Sin embargo, al pensar en Go Yohan y respirar hondo, la ira me invadió ante la traición a la confianza que una vez depositó en mí. Como si Go Yohan hubiera considerado a Han Junwoo un falso amigo. ¿Acaso no era yo solo un juguete para él? ¿Por qué? ¿Por qué me convertí en el objetivo de Go Yohan?
—Sí, no tengo por qué ser indulgente con Go Yohan. No lo soy.
Intenté con todas mis fuerzas ignorar las abrumadoras emociones que me invadían.
—Ese cabrón no merece ninguna indulgencia.

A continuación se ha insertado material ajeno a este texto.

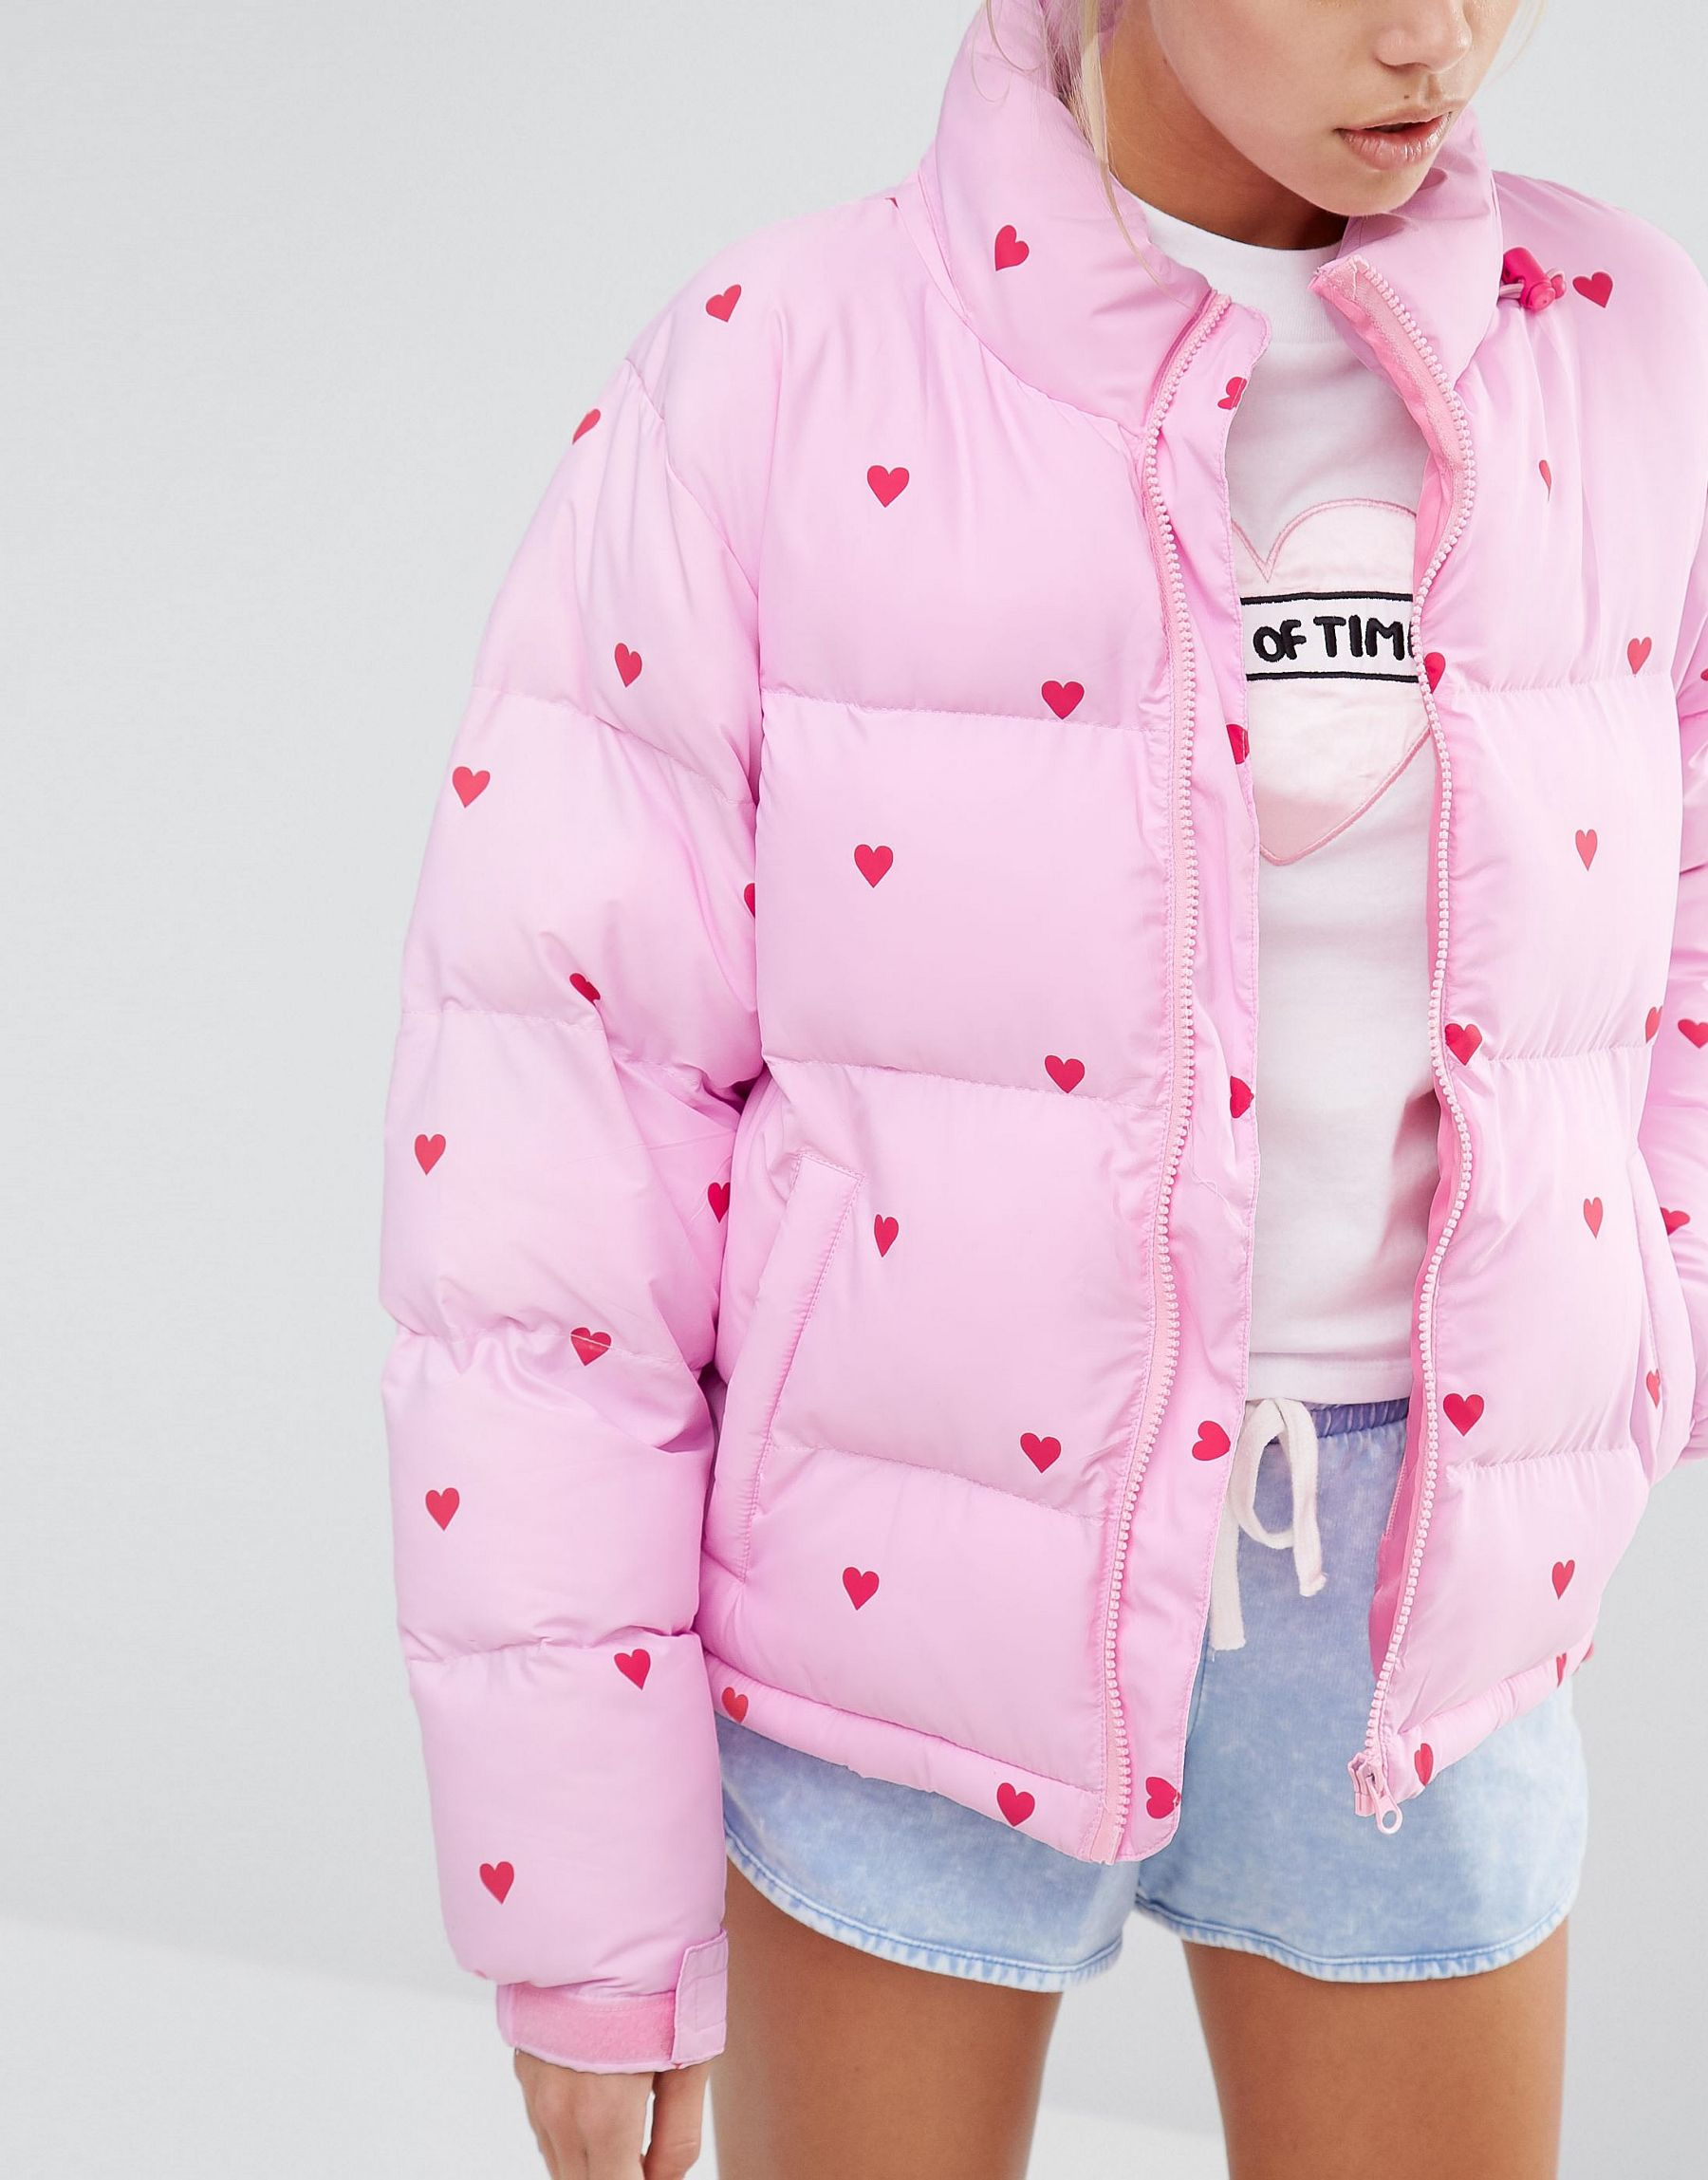 LV coat Down puffer jacket reversible women clothes  Cutie clothes,  Streetwear fashion women, Cute lazy outfits

De lo contrario, acabaría a merced de Kim Minho. No quiero volver jamás a ese pozo de vergüenza y miseria. El recuerdo de aquella época me ahoga.
Habla. Arranca la espina.
Me estaba asfixiando y me obligué a tragar la saliva que no bajaba. Con gran dificultad, abrí la boca y murmuré palabras que pensé que jamás diría en mi vida.
—Me gusta Go Yohan.
Mucho.
Tras soltar esas palabras, me quedé mirando al vacío durante un buen rato. En la silenciosa oscuridad, me surgió una pequeña curiosidad. Pasé la palma de la mano por el centro del pecho. En el instante en que coloqué la mano debajo de la clavícula, en el medio, murmuré.
—Maldita sea…
Me mordí el labio con fuerza, atormentado por los latidos acelerados de mi corazón, que parecía a punto de estallar. Me lo agarré rápidamente al pecho. La agonía se filtró entre mis labios apretados.